- **Exercise brief**
Could you reproduce, word for word, everything below from the line containing "92545b71e027 Puma Axis" down to the line containing "Galizia Company", with both of those lines included and no others?

- **Records to process**
——————
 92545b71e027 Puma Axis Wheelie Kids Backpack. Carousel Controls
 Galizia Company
——————
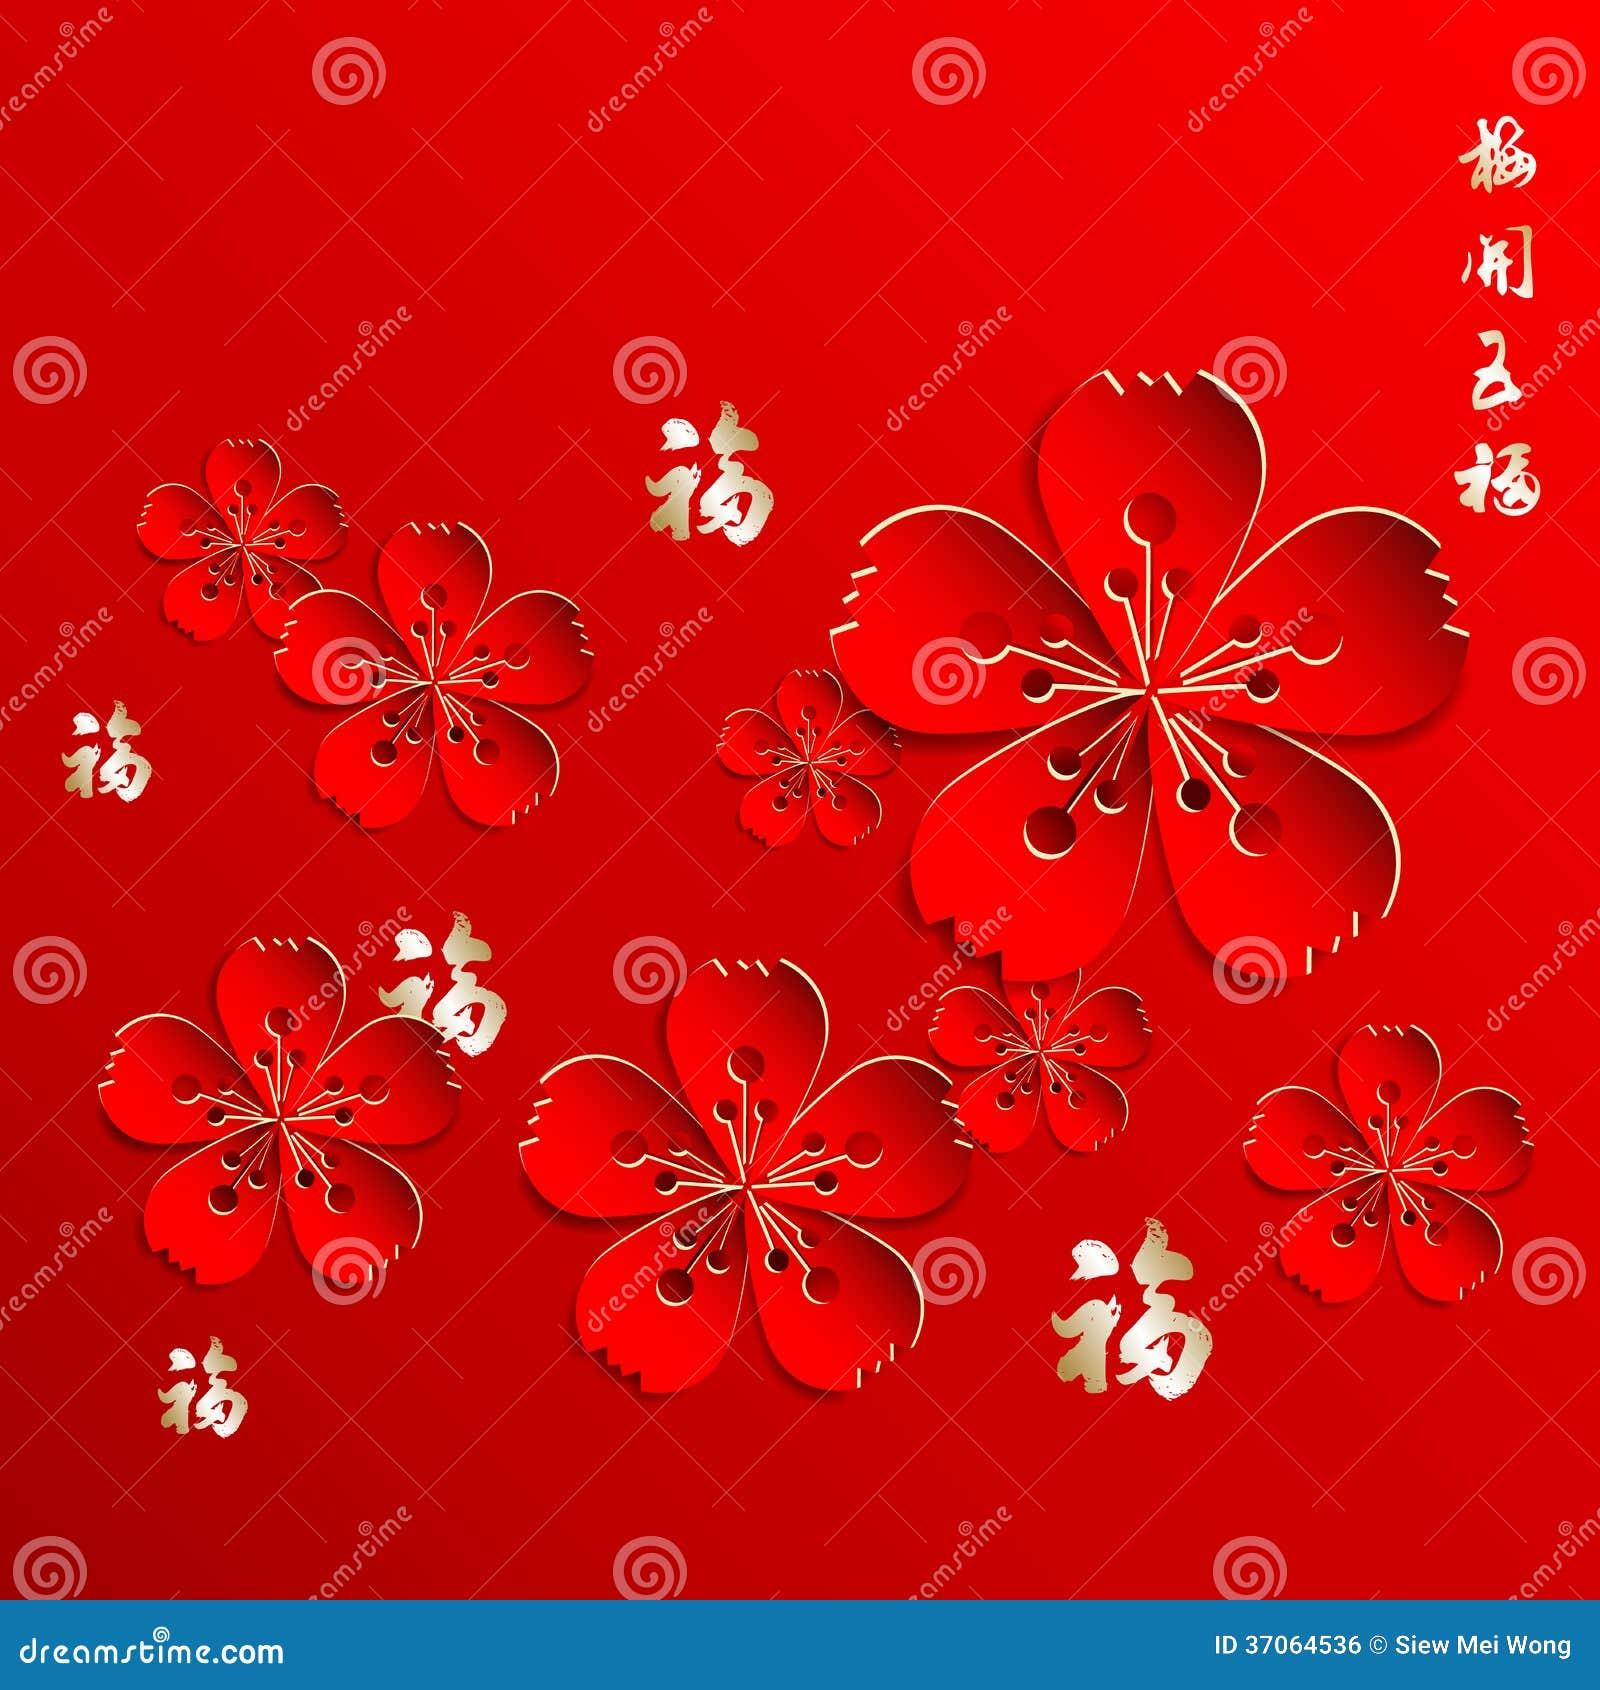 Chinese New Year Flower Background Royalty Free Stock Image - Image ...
——————
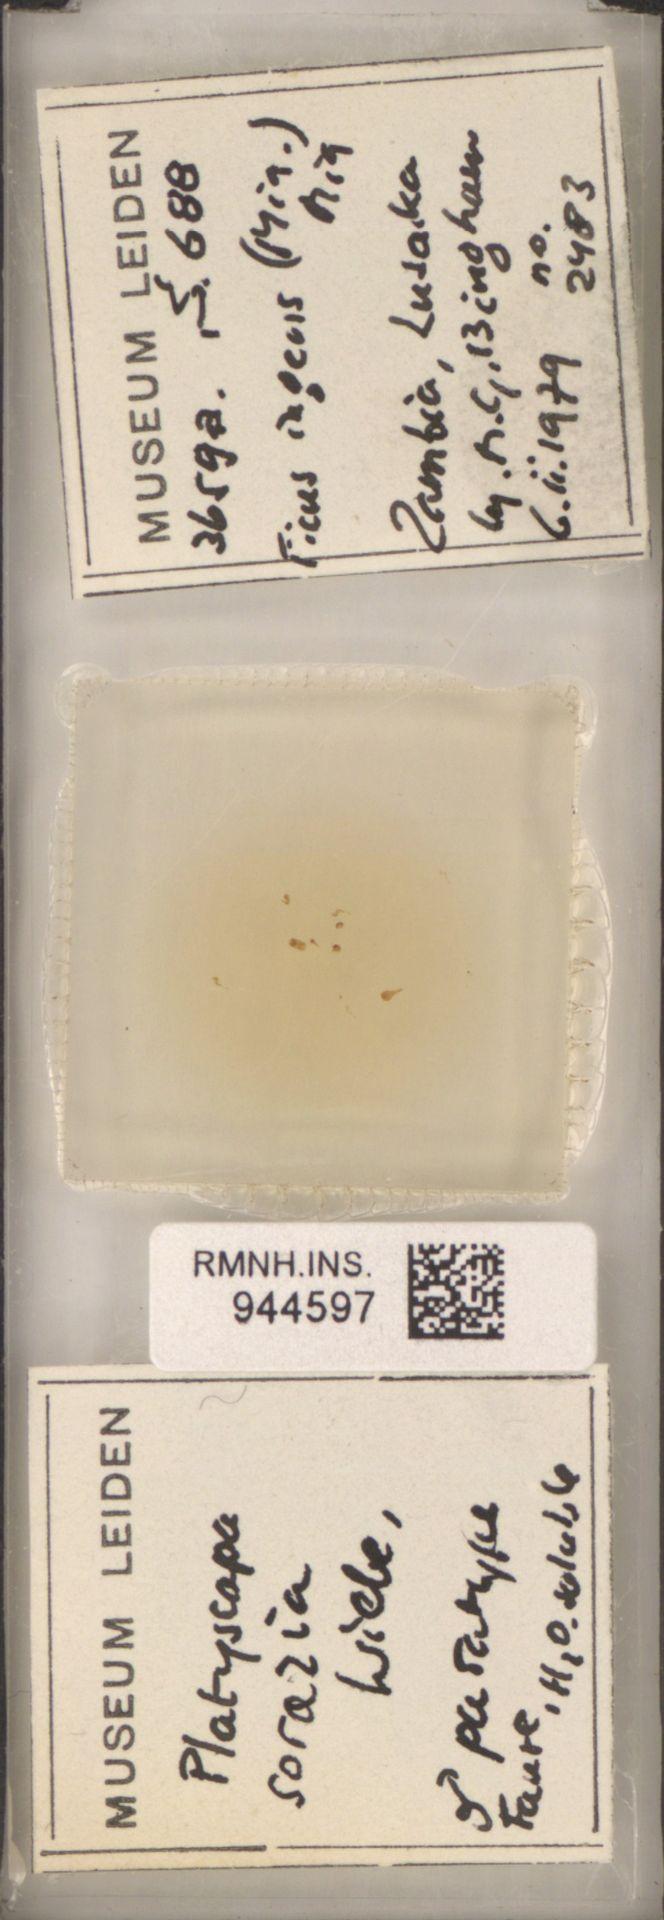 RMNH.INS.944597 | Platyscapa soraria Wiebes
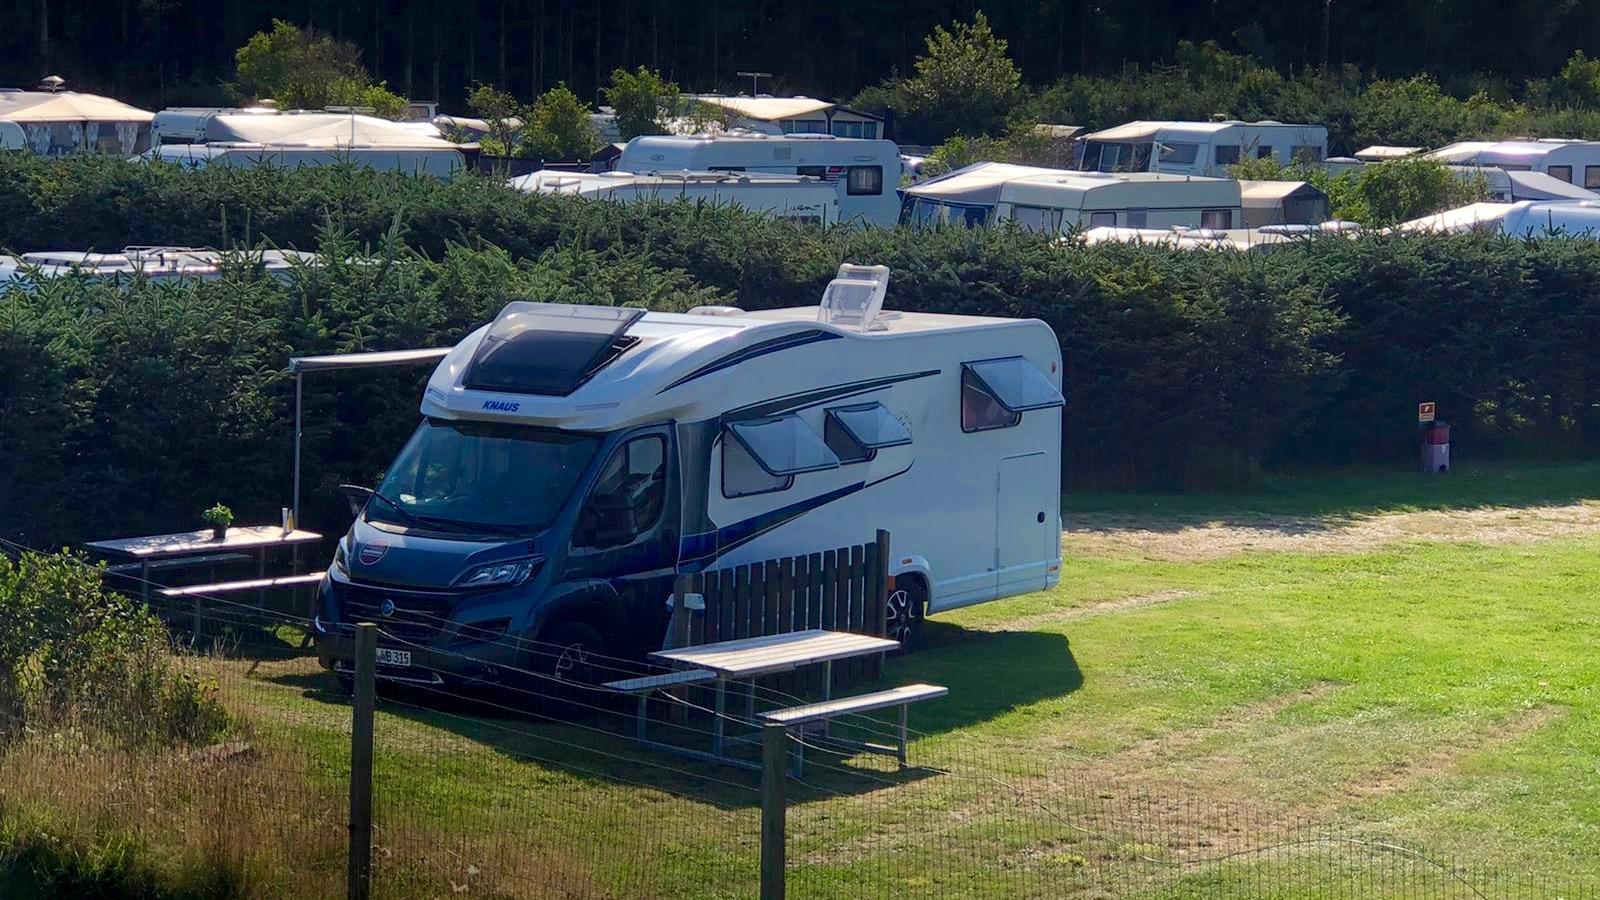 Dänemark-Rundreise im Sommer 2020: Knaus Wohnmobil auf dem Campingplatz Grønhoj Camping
——————
- **Solution to the problem**
 92545b71e027 Puma Axis Wheelie Kids Backpack. Carousel Controls
 Galizia Company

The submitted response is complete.